"You really think so?"
"I do. I should owe so very much to you. I should be conscious of my debt. I should try with all my strength to pay it back."
Cynthia gave him her face frankly now. A smile of confidence quite lit it up.
"I have no doubt of that," she said; and then the smile faded, and there came a look of longing.
"But I would rather, of course, that it were work for love of me, than work to repay me. There's a difference, isn't there? But I suppose one can't have everything, and--perhaps--I might be content to help you on."
She fell again to a wistful silence, pursuing the vision of a happiness which might have been down an avenue of bright imagined years. The happiness did exist. She had seen the evidences of it often enough. All men were not tant soit peu cochons, as she had once heard an unhappy French lady describe them, nor were all women neurotic. She had heard of lovers who felt that they had been waiting for one another since the beginning of the world. But it seemed that such happiness was for others, not for her.

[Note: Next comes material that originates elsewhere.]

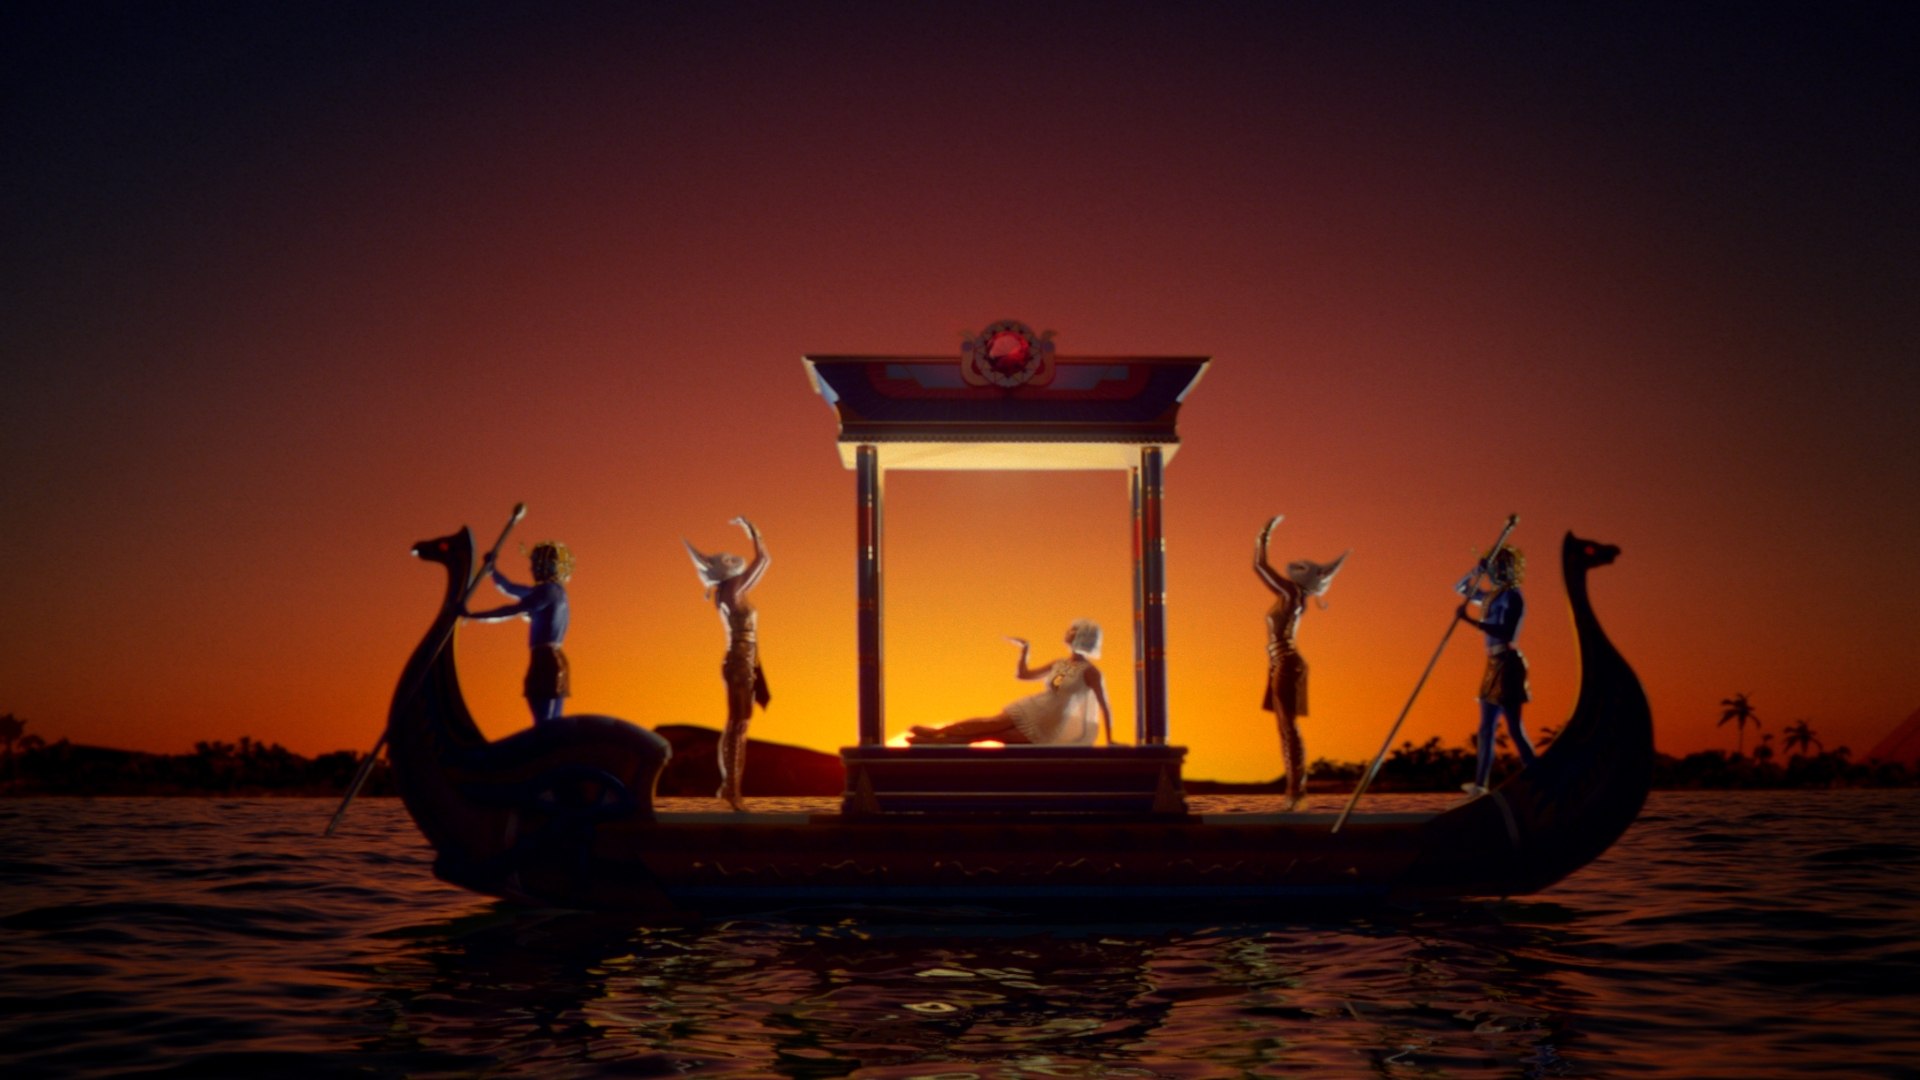 Mirada Creates 'Dark Horse' World for Katy Perry. Animation World Network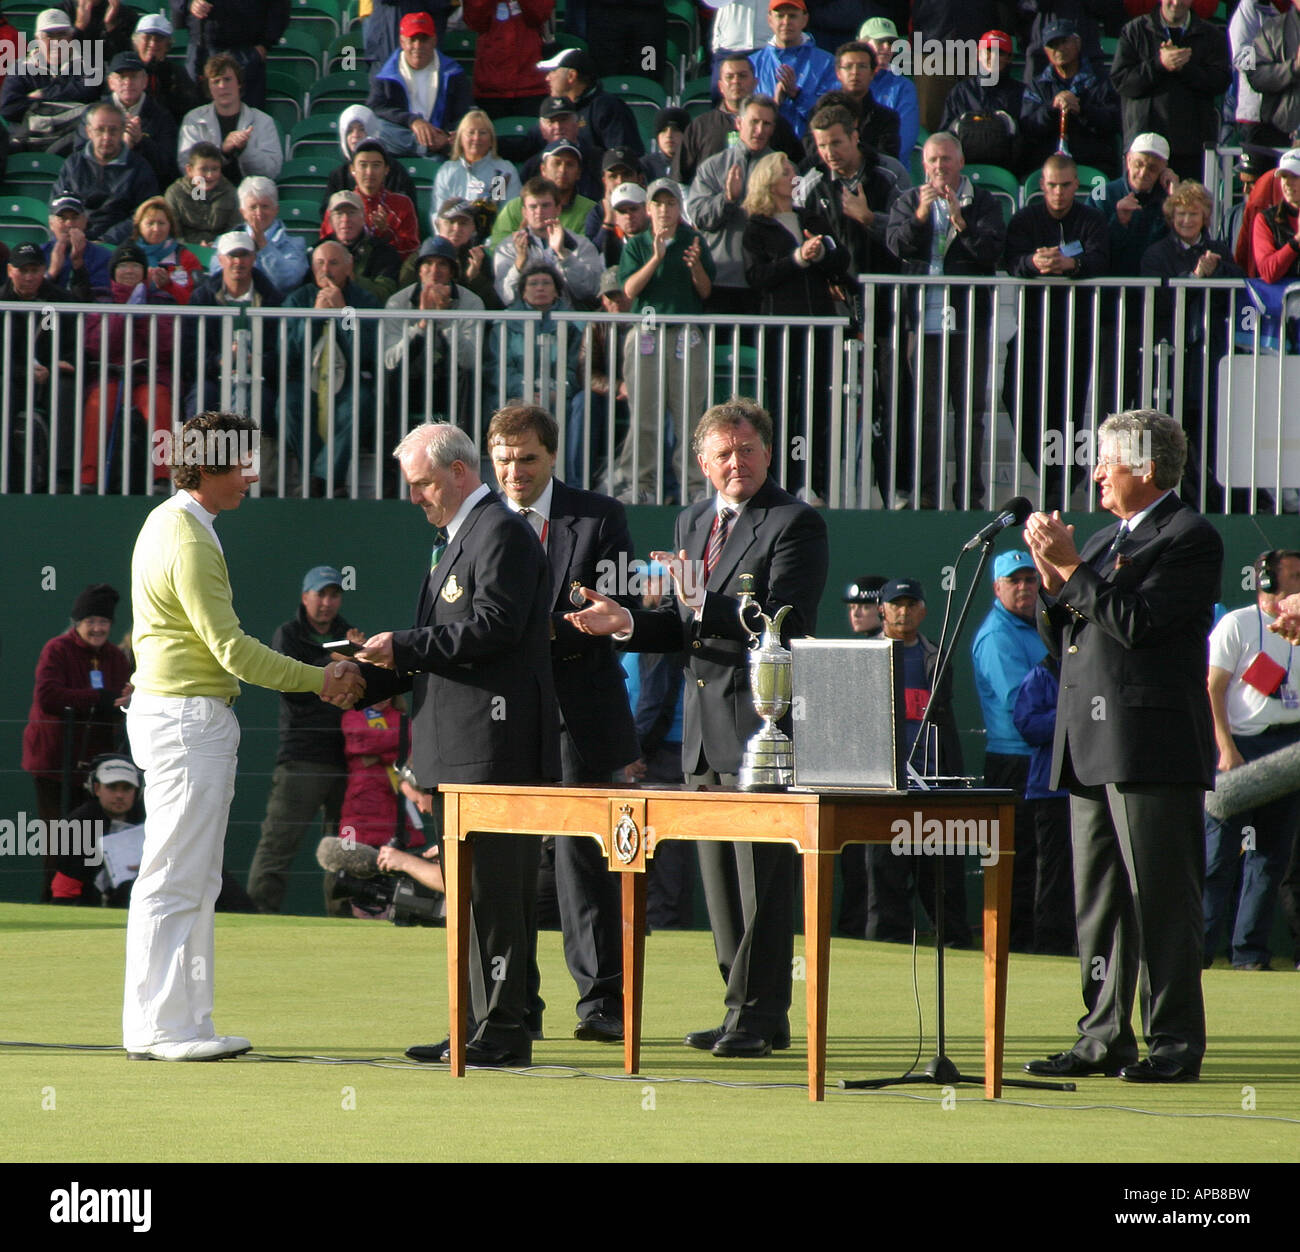 18 jährige Rory McIlroy führt Amateur bei der Open Golf Championship 2007 Carnoustie Schottlands, die Silber-Medaille zu gewinnen Stockfoto

"Tell me!" she said. "When you were making your speech, after the agitation had passed and when you were master of yourself, you looked up to the ladies' gallery, you said, and noticed the women behind the grille?"
"Yes."
"Well--it is a little difficult to ask the question--But"--she stopped for a moment or two, and then went on with an appealing timidity, while the color once more mounted into her face--"but I suppose that then--when you knew you were making a success--it never came into your mind that you would have liked to have got me up there in the gallery while you were speaking?"
The temptation to lie was strong upon Harry Rames now. The very timidity of her appeal moved him. It taught him that the truth would hurt her much more than he had ever dreamed. He hesitated. For the first time in her company he was at a loss.